If a field is specified in the GroupBy property, the data is grouped by the specified value and all instances of that value are counted. If two fields are specified in the GroupBy property, the groupCount
function will only count values that match across the two fields. If only one field is specified in the GroupBy property, all instances of each value in that field will be counted regardless of whether the corresponding values in other fields match or not.
groupCount()
variable is reset to 0 on firstInGroup. Due to this relying on the execution group, rather than the total number of execution iterations, the results of using groupCount
on, for example, a Transform (Deprecated) and Agg Ex (Deprecated) node may vary even with the same number of records input. Using groupCount() with a Transform (Deprecated) node
You have the following input data and want to count the number of rows:
color:string |
---|
Red |
Green |
Blue |
Yellow |
Cyan |
In the Script property, enter:
rows = groupCount()
emit rows, color
This gives the following output:
rows:int | color:string |
---|---|
1 | Red |
2 | Green |
3 | Blue |
4 | Yellow |
5 | Cyan |
Using groupCount() with an Agg Ex (Deprecated) node
You have the following input data and want to group the data by "type" and count the number of instances of each:
type:string |
---|
Type1 |
Type1 |
Type1 |
Type2 |
Type2 |
Type3 |
In the GroupBy property enter:
type
In the Script property enter:
rows = groupCount()emit rows, type
where lastInGroup
The output, as follows, shows each different "type" and how many rows there are of each:
rows:int | type:string |
---|---|
3 | Type1 |
2 | Type2 |
1 | Type3 |
In the following example, consider the same data and GroupBy property as in the previous example. This time, enter the following in the Script property:
rows = groupCount(type == "Type1")
emit rows, type
where lastInGroup
In this example, the output shows the data grouped by "type" and a count of the rows that contain the type "Type1":
rows:int | type:string |
---|---|
3 | Type1 |
0 | Type2 |
0 | Type3 |
You can use the optional accumulator variable to explicitly control the accumulation and reset of accumulation.

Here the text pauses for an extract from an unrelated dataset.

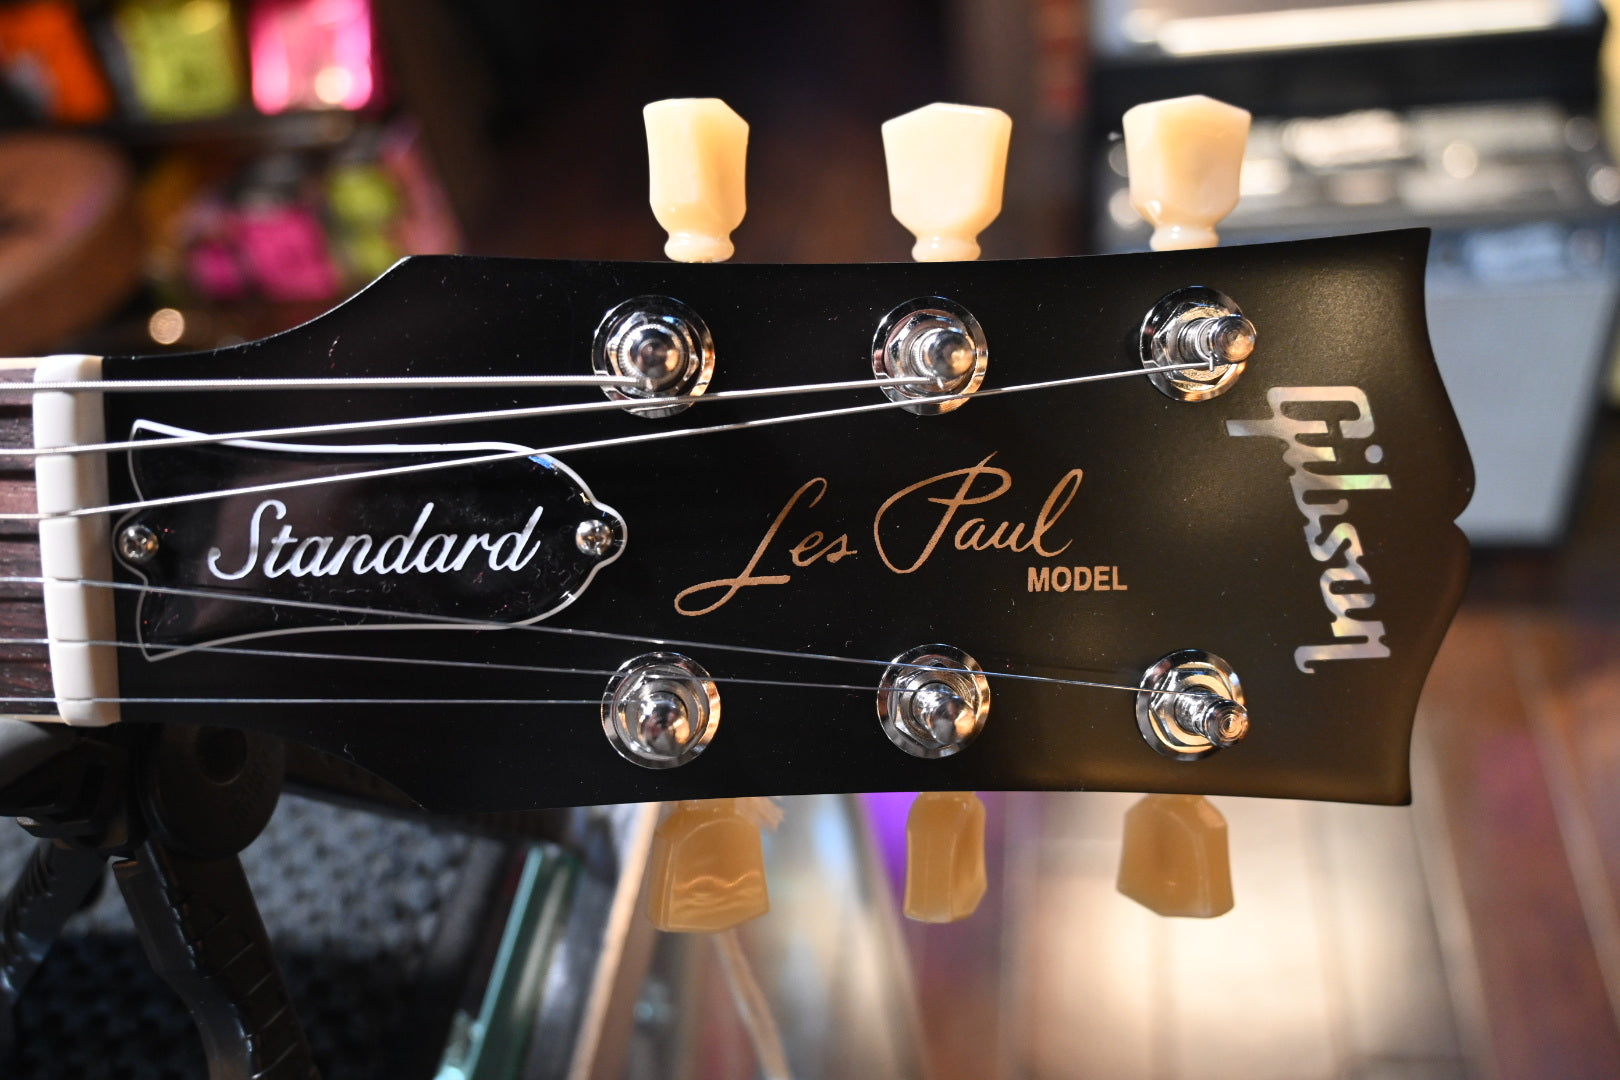 Gibson Les Paul Standard ‘50s Faded - Vintage Honey Burst Guitar #0282 - Danville Music

You have the following input data:
type:string | include:boolean | reset:boolean |
---|---|---|
Type1 | false | false |
Type1 | true | true |
Type1 | true | false |
Type2 | true | false |
Type2 | true | true |
Type2 | true | false |
Type3 | true | true |
In the GroupBy property, enter:
type
In the Script property, enter:
if ('reset') then groupVar = 0rows = groupCount('include' == true, groupVar)emit rows, type
The output would be:
rows:int | type:string |
---|---|
0 | Type1 |
1 | Type1 |
2 | Type1 |
1 | Type2 |
1 | Type2 |
2 | Type2 |
1 | Type3 |
groupMin()
Returns the minimum value of the expression attained during execution within the current execution group. If initialValue
is specified it will use that as the initial value to compare to.
The groupMin macro should be used in the following format, where the expression
is often a column or variable, the initialValue
is an optional expression, which if present, will be used as the initial value to compare to and accumulator variable
is the name of the variable used to store interim results:
groupMin(expression[, initialValue[, accumulator variable]])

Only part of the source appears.